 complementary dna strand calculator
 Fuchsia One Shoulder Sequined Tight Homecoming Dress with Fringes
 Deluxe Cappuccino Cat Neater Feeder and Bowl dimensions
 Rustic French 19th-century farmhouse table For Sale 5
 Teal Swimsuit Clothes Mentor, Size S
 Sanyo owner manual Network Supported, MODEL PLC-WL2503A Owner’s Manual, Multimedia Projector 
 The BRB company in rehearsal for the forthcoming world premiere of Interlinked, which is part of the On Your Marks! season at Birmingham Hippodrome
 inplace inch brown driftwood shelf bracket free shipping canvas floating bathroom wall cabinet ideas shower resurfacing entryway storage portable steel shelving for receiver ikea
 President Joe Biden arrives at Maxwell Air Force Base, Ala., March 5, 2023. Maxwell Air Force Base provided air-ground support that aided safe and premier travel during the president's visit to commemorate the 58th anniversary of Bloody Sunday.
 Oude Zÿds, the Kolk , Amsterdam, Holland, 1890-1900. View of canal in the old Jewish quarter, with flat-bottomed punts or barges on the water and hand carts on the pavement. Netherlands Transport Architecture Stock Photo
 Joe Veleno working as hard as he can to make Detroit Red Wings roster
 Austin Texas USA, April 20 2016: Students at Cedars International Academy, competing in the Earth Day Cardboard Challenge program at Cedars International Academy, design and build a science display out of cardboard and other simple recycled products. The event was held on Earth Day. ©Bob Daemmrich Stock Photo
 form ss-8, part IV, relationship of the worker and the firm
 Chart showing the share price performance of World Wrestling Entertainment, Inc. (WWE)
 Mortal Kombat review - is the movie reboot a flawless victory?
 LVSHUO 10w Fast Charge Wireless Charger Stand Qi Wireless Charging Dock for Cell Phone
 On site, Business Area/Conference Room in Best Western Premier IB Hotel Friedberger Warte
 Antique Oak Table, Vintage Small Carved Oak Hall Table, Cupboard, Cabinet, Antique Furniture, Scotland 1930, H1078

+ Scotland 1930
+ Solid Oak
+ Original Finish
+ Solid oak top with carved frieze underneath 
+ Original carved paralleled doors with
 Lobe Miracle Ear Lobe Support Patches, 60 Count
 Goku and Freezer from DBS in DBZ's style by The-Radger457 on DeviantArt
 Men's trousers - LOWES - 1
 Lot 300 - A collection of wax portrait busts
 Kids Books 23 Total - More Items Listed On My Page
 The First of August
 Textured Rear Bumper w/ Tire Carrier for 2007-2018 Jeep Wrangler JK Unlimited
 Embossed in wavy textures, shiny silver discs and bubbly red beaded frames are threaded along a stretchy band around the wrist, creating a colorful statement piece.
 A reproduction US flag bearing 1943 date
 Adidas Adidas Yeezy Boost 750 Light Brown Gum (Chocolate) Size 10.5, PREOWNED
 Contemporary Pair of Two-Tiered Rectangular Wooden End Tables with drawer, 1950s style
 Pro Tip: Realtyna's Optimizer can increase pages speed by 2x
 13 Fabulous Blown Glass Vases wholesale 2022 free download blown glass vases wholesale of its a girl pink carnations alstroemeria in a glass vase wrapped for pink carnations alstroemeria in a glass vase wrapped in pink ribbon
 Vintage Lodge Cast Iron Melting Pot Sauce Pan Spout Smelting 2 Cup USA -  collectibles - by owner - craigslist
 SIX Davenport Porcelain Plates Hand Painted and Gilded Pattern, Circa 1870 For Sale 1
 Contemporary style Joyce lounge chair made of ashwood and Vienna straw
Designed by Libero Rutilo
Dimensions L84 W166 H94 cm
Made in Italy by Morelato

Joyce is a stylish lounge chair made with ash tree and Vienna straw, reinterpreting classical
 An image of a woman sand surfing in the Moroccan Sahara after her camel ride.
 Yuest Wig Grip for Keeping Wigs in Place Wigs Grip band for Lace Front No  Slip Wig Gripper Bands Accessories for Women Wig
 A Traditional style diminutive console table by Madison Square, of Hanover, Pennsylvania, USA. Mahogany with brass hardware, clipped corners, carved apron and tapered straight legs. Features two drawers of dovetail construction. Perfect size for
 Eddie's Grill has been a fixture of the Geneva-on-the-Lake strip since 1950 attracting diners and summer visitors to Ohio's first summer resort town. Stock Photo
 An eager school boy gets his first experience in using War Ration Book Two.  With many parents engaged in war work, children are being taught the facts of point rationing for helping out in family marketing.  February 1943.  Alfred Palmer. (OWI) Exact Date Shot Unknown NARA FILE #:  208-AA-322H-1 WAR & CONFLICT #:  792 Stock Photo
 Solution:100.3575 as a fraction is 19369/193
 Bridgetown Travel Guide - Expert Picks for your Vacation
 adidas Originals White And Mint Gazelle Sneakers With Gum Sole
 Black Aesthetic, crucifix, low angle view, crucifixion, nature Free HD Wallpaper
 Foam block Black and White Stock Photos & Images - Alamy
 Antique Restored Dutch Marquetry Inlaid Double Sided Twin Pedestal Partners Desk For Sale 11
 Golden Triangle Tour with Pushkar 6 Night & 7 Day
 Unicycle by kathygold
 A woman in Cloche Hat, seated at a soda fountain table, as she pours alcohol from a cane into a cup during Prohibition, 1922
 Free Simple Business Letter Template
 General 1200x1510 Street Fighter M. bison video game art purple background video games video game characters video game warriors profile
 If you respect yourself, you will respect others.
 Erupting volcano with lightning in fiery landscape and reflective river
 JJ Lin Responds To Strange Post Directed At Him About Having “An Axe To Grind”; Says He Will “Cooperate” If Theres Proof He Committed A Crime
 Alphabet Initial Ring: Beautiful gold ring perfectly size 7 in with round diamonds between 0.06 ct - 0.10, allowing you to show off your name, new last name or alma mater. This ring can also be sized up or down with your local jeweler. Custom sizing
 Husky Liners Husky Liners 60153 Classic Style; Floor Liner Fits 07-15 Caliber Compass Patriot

**Work item**
Each line that holds the word "Business" should be extracted from the records.

**Answer for the task**
 On site, Business Area/Conference Room in Best Western Premier IB Hotel Friedberger Warte
 Free Simple Business Letter Template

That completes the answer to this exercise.